Die möchte angesichts der aktuellen Entwicklung den Austausch mit dem Projektentwickler keinesfalls abreißen lassen, wie die Büroleiterin des Oberbürgermeisters, Katrin Reis, der SZ mitteilt. "Die Auswirkungen auf das geplante Bauprojekt und der Umgang damit sind in den nächsten Tagen und Wochen zu prüfen."

Weitere Schritte seitens der Stadtverwaltung würden in enger Abstimmung mit dem Stadtrat vollzogen. Was genau damit gemeint ist, ließ die Rathausmitarbeiterin offen. Nur so viel: "Wir hoffen hier auf neue Impulse durch die Bevollmächtigten und die Geschäftsleitung."

"Wir schauen gespannt auf weitere Entwicklung"

Mit Blick auf die bereits angesprochenen Ankermieter kann wiederum Doreen Vasicek beruhigen. Aldi sei nach wie vor Vertragspartner. Edeka ebenfalls. Von dort heißt es: "Wir stehen im Austausch mit den für uns relevanten Partnern und sind diesbezüglich sicher, dass wir nicht die einzigen sind, die gespannt auf die weitere Entwicklung schauen."

Die Auskunft der Drogeriemarktkette "dm" hingegen lässt so einigen Interpretationsspielraum zu. Über ihren Gebietsverantwortlichen Rüdiger Heinzig ließ sie ausrichten: "Wir bei 'dm' sind stets auf der Suche nach geeigneten Objekten, die unseren Ansprüchen an ein bestmögliches Einkaufserlebnis gerecht werden, um an noch mehr Standorten für unsere Kundinnen und Kunden da zu sein.

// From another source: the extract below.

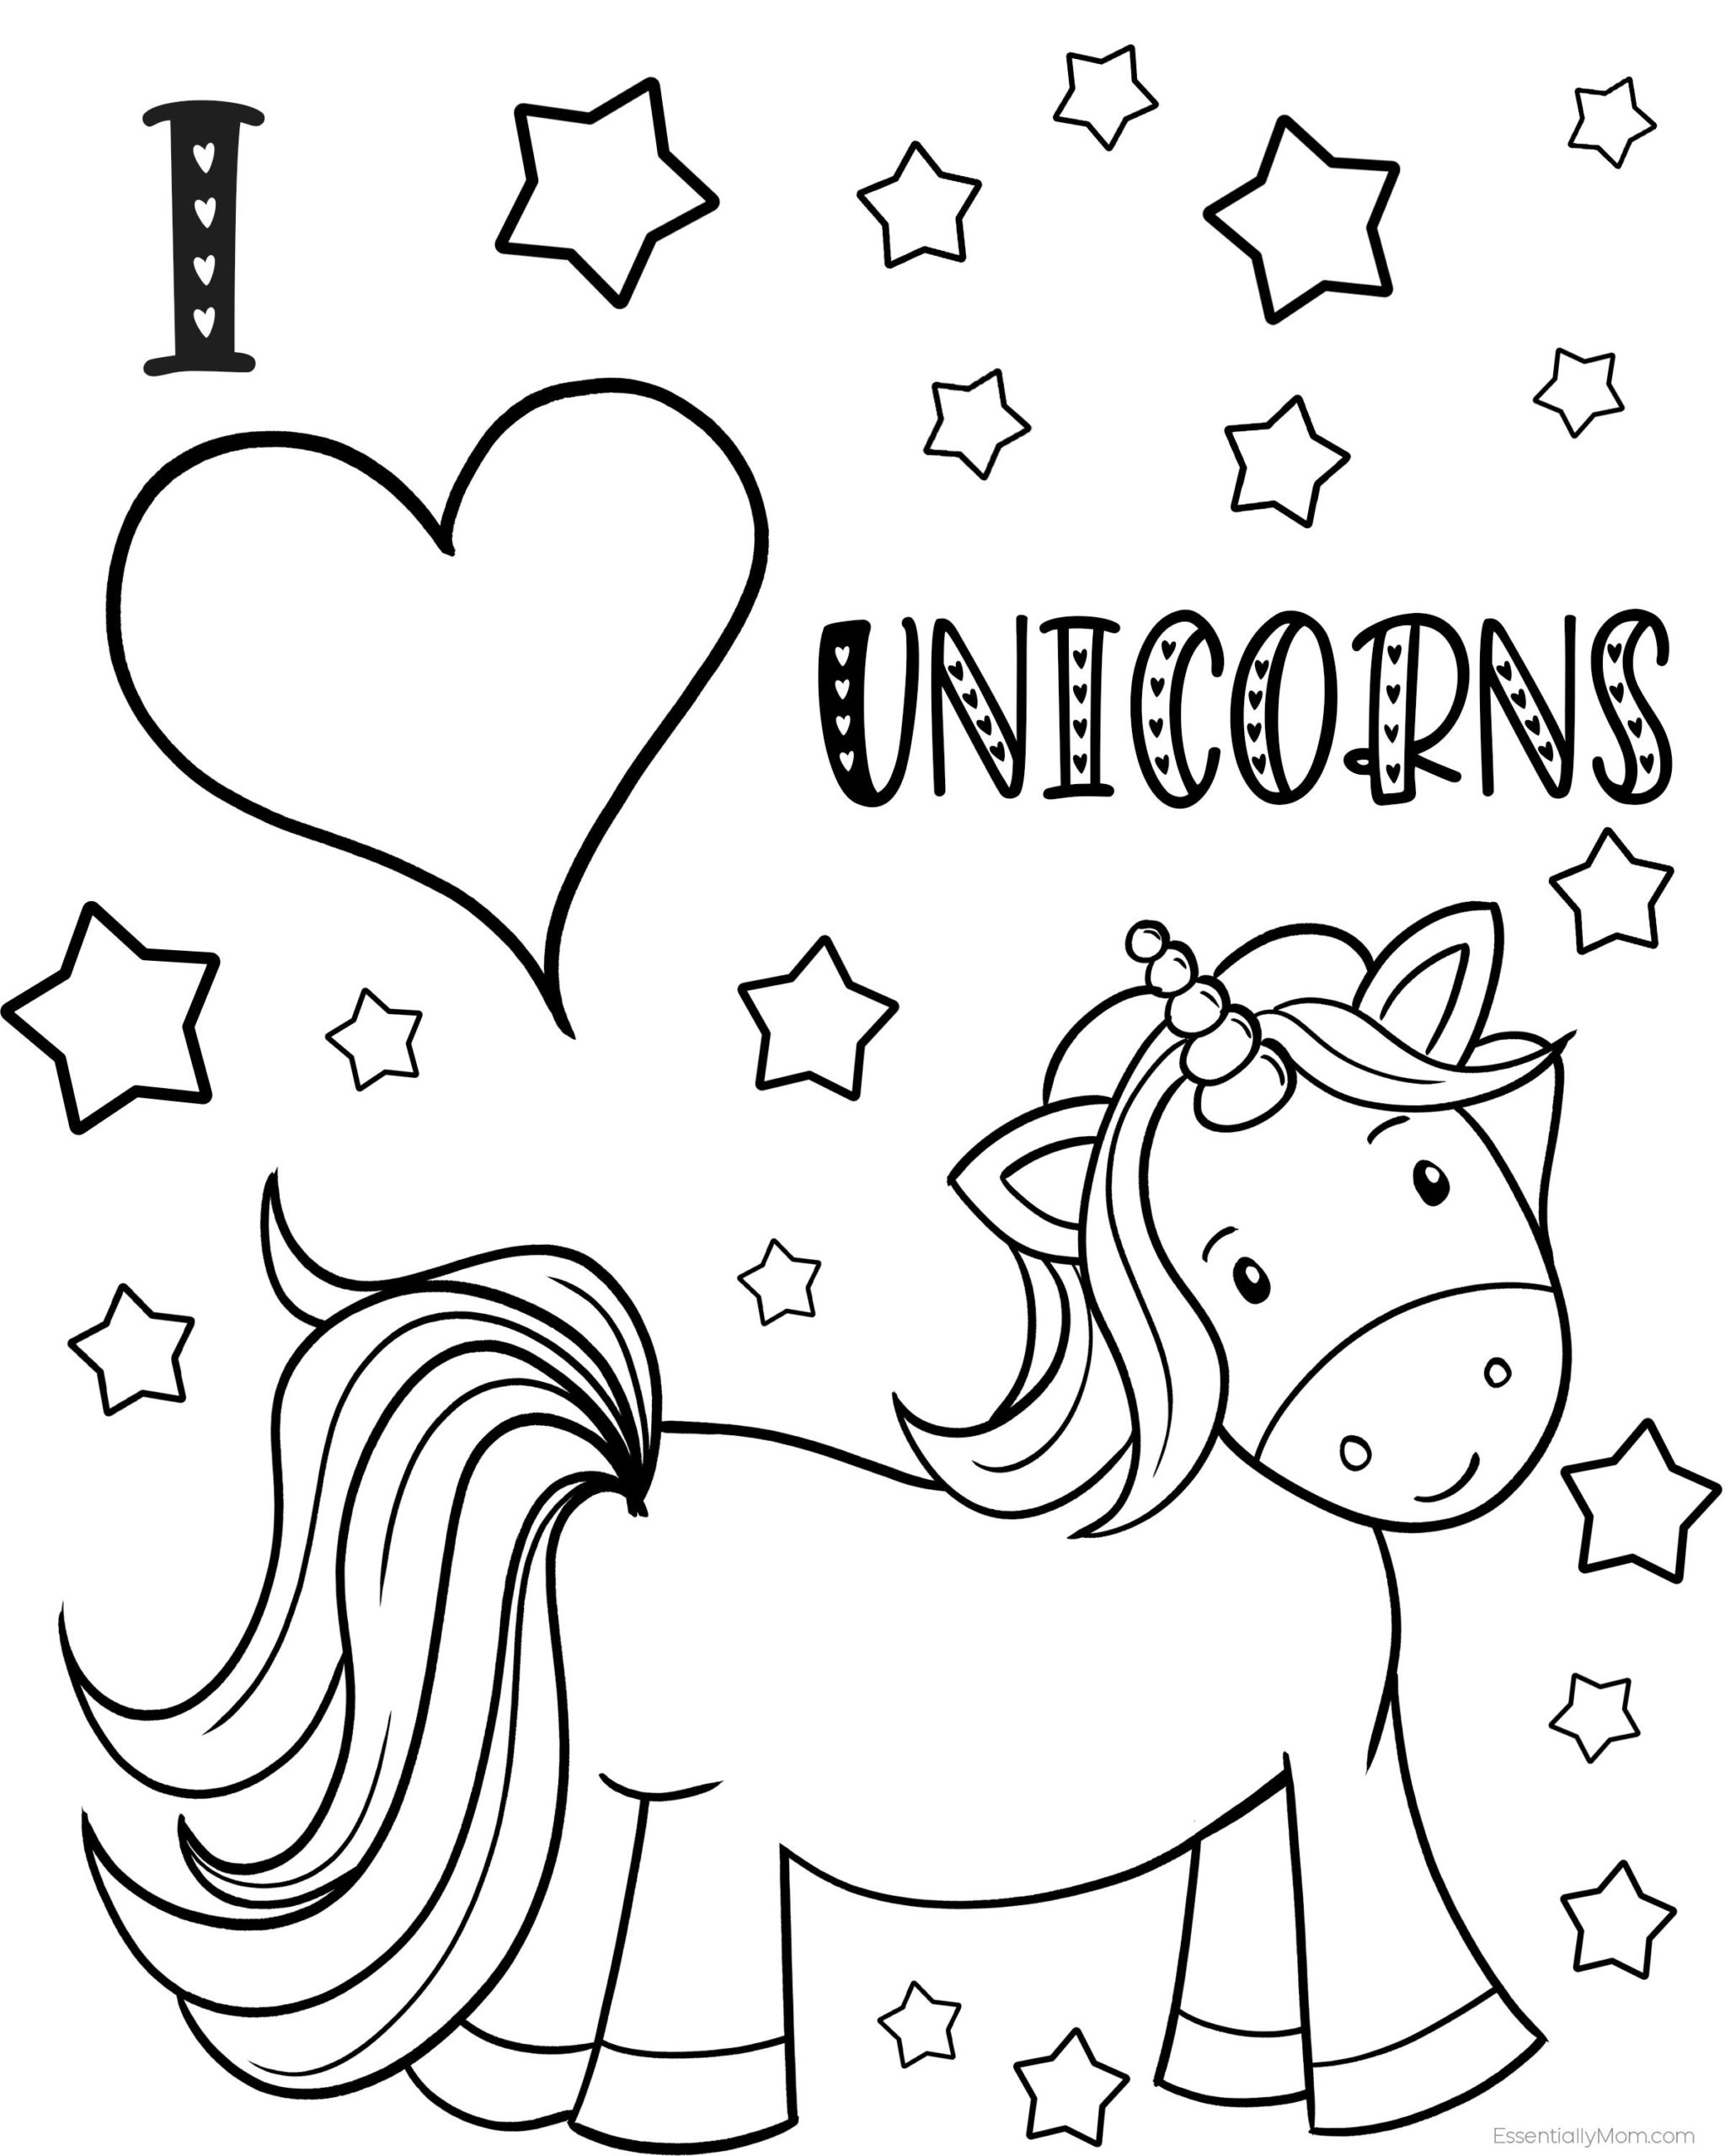 free-unicorn-coloring-pages-printable-for-kids-unicorn-coloring-book

Aus gegebenem Anlass können wir derzeit keine weiteren Angaben machen. Wir befinden uns aber in Gesprächen, um geeignete Lösungen zu finden." Freital sei und bleibe ein interessanter Standort, an dem "dm" festhalten wolle.

Möglich, dass sich gerade in Hinblick auf die geplante Rewe-Investition auf dem Gelände des einstigen Kupplungswerkes nur wenige Fußminuten von der "Neuen Stadtmitte" entfernt noch Veränderungen ergeben. Auch dort soll einmal Platz für einen Fachmarkt sein. Wenn dm dorthin abwandern würde, wäre das der nächste Dämpfer für das Stadtzentrum.

Eine solche Entwicklung würde die finanziell angeschlagene Schoofs Immobilien GmbH Frankfurt vor neue Herausforderungen stellen. Diese will laut Doreen Vasicek ebenso einen Kindergarten und eine gastronomische Einrichtung auf ihrem Areal etablieren. Bislang allerdings seien in der Hinsicht noch keine Vergaben erfolgt. Hinter dieser Kita steht aber mittlerweile ein Fragezeichen, weil keine zusätzlichen Plätze mehr gebraucht werden - eher baut die Stadt welche ab.

Von der Schoofs-Geschäftsleitung gibt es folgende Auskunft, warum die Firma in die finanzielle Schieflage geraten ist: "Die notwendige Sanierung ist Folge der kritischen Marktentwicklung mit gestiegenen Bau- und Finanzierungskosten, der Zurückhaltung bei der Vergabe von Darlehen und der gleichzeitig gesunkenen Nachfrage und Bewertung von Objekten bei potenziellen Käufern", sagt Geschäftsführer Mohamed Younis. "Zudem stockt der Verkauf eines großen Projektportfolios mit einer namhaften Fondsgesellschaft." Das habe im Unternehmen zu wirtschaftlichen Verwerfungen geführt, auf die die Chefetage nun reagiere.